Dans une enquête menée en 2020, l’organisation américaine anti-corruption OCCRP a allégué que le général Nguema et la famille Bongo avaient acheté des propriétés coûteuses aux États-Unis avec des réserves d’argent liquide. Le général aurait dépensé 1 million de dollars (790 000 £) pour trois propriétés.

La réponse de Nguema au rapport ? « Je pense que que ce soit en France ou aux Etats-Unis, une vie privée est une vie privée qui [doit être] respectée ».

Il y a à peine huit mois, l’agence de presse nationale gabonaise rapportait que le général Nguema avait publiquement réaffirmé sa loyauté à la présidence d’Ali Bongo, qui durait depuis 14 ans.

Mais samedi, quelques heures seulement après qu’Ali Bongo ait été annoncé vainqueur d’une élection présidentielle contestée, l’armée a annoncé qu’elle annulait les résultats et prenait le pouvoir.
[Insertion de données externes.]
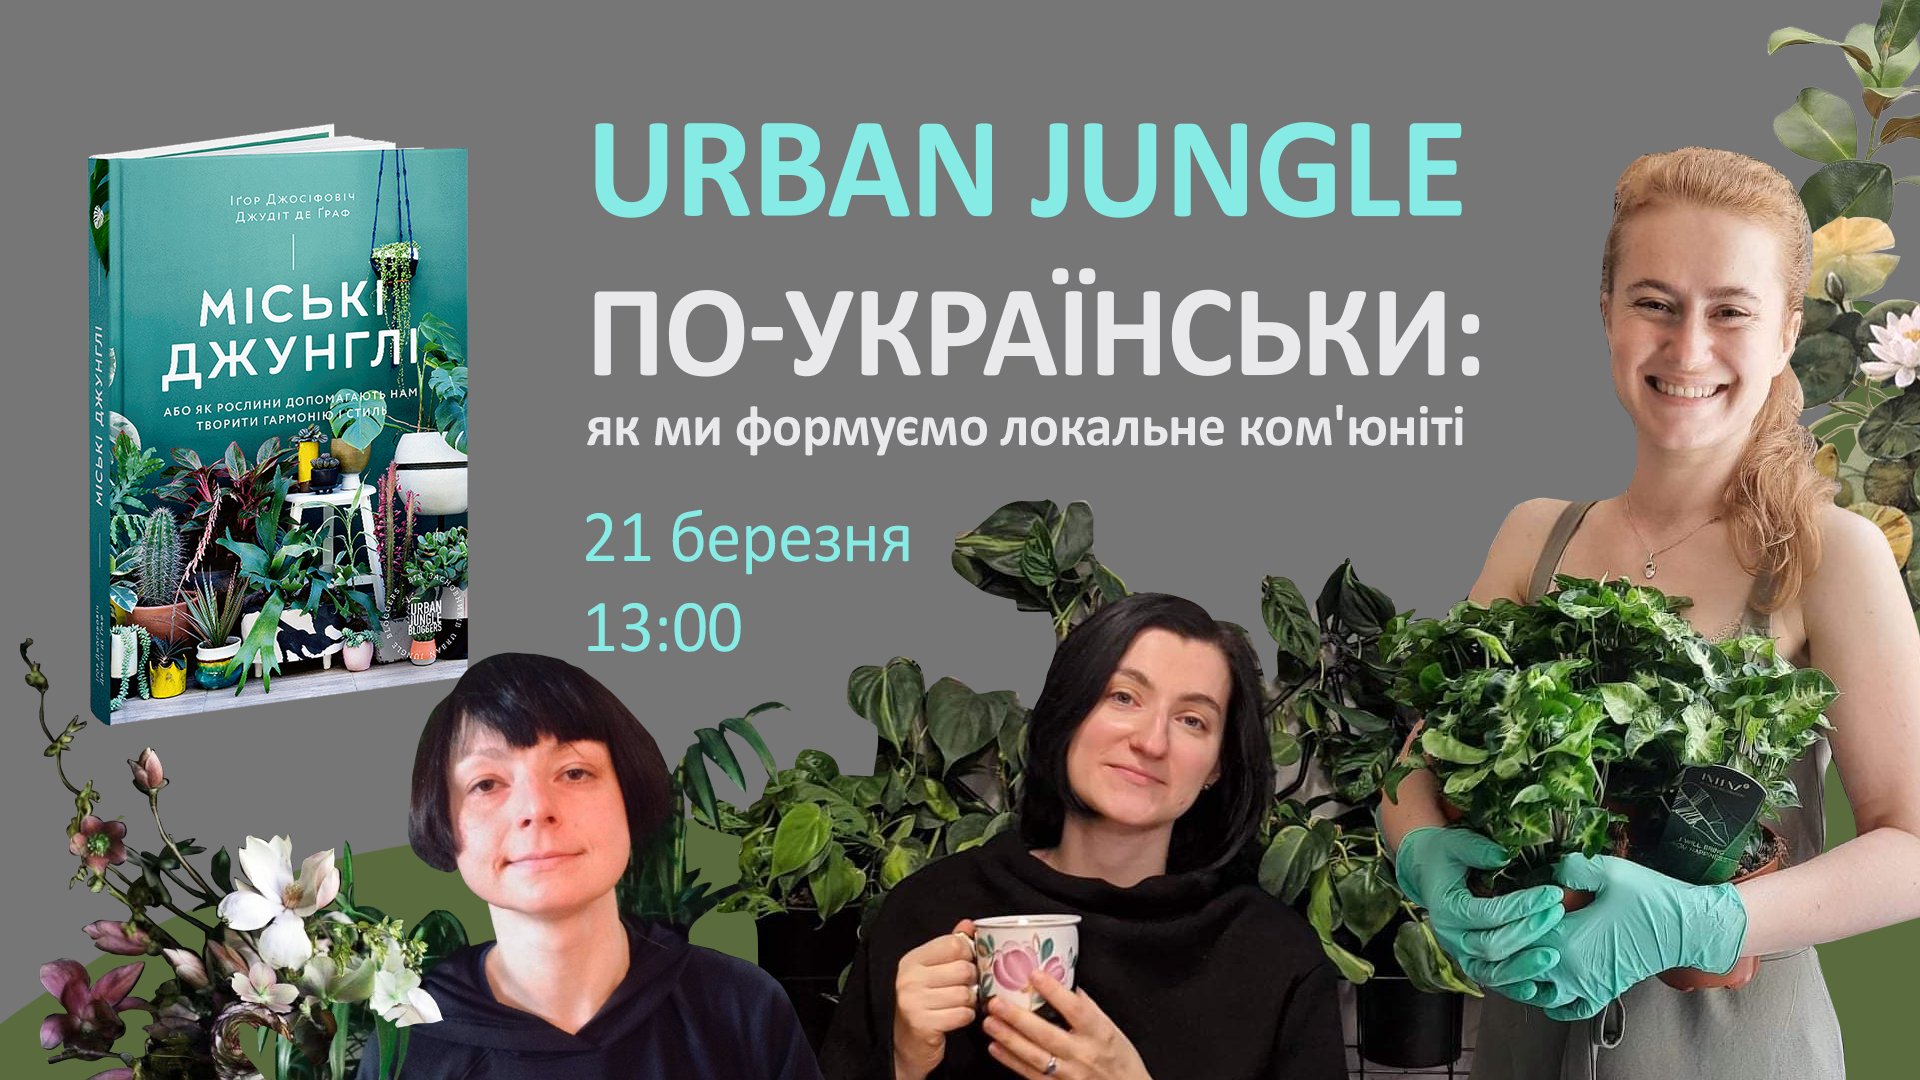 Urban jungle по-українськи: як ми формуємо локальне ком'юніті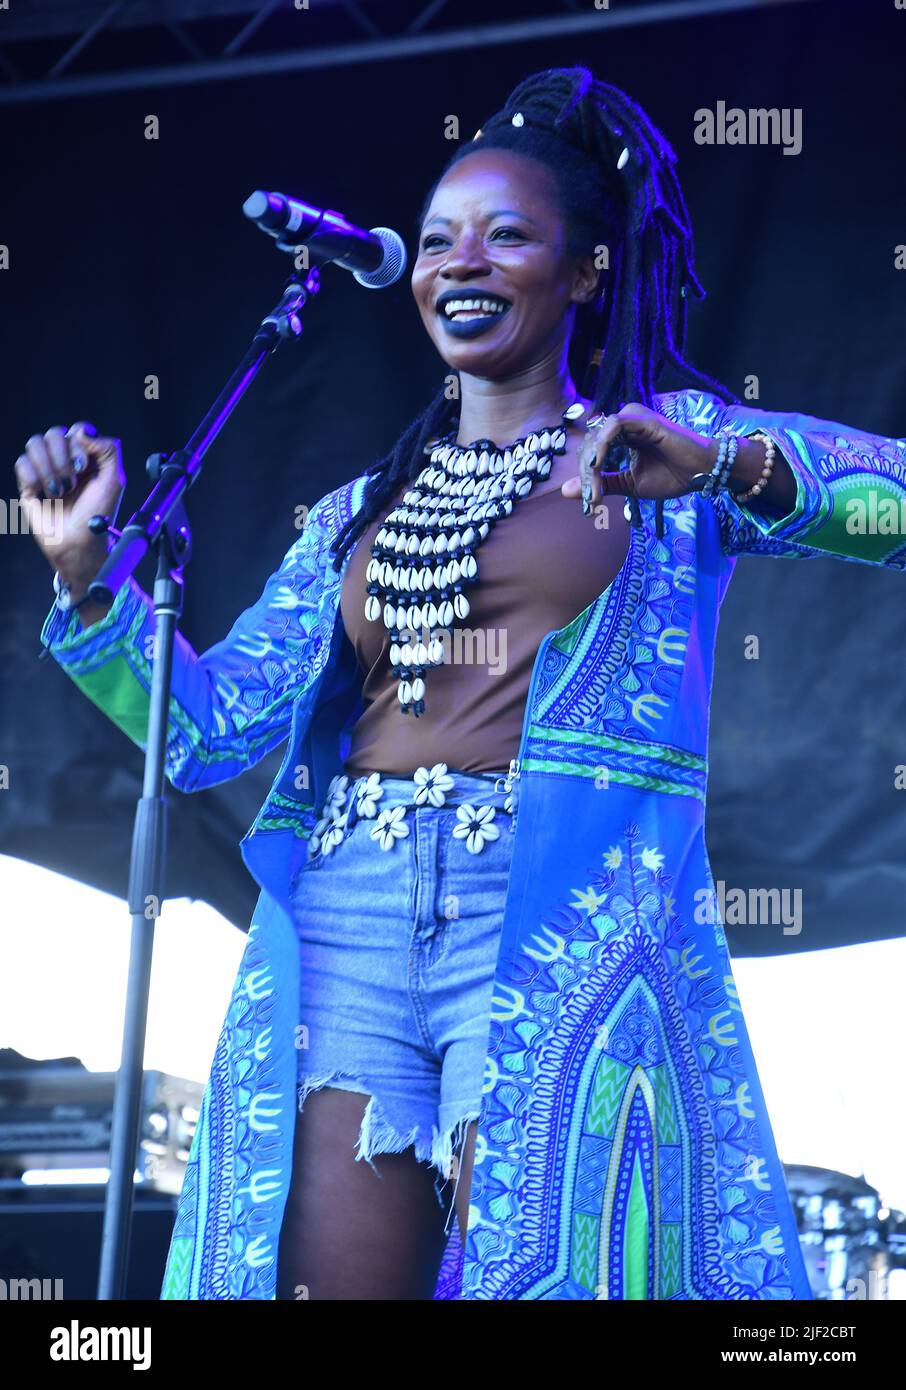 Die Sängerin, Songwriterin und Musikerin Natu Camara wird während eines „Live“-Konzerts beim Green River Festival auf der Bühne gezeigt. Stockfoto

Le président étant assigné à résidence, le général Brice Clothaire Oligui Nguema a été nommé chef de la transition du Gabon.

Le général a déclaré au journal français Le Monde que les Gabonais en avaient assez du régime d’Ali Bongo et que le président n’aurait pas dû briguer un troisième mandat.

« Tout le monde en parle mais personne n’assume ses responsabilités », a-t-il déclaré. « L’armée a donc décidé de tourner la page ».

L’ONU, l’Union africaine et la France ont condamné ce coup d’État, le huitième à avoir lieu en Afrique de l’Ouest et du Centre depuis 2020.

Mais le général Nguema semble avoir conquis une grande partie de l’opinion. Il a également réussi à unifier l’armée, qui se divise selon des critères ethniques.

En tant qu’homme accusé de corruption et ayant passé la majeure partie de sa carrière dans le cercle restreint des Bongo, il ne sera peut-être pas le nouveau départ que les Gabonais espèrent.

Il restera cependant gravé dans les livres d’histoire du pays comme l’homme qui a « tourné la page ».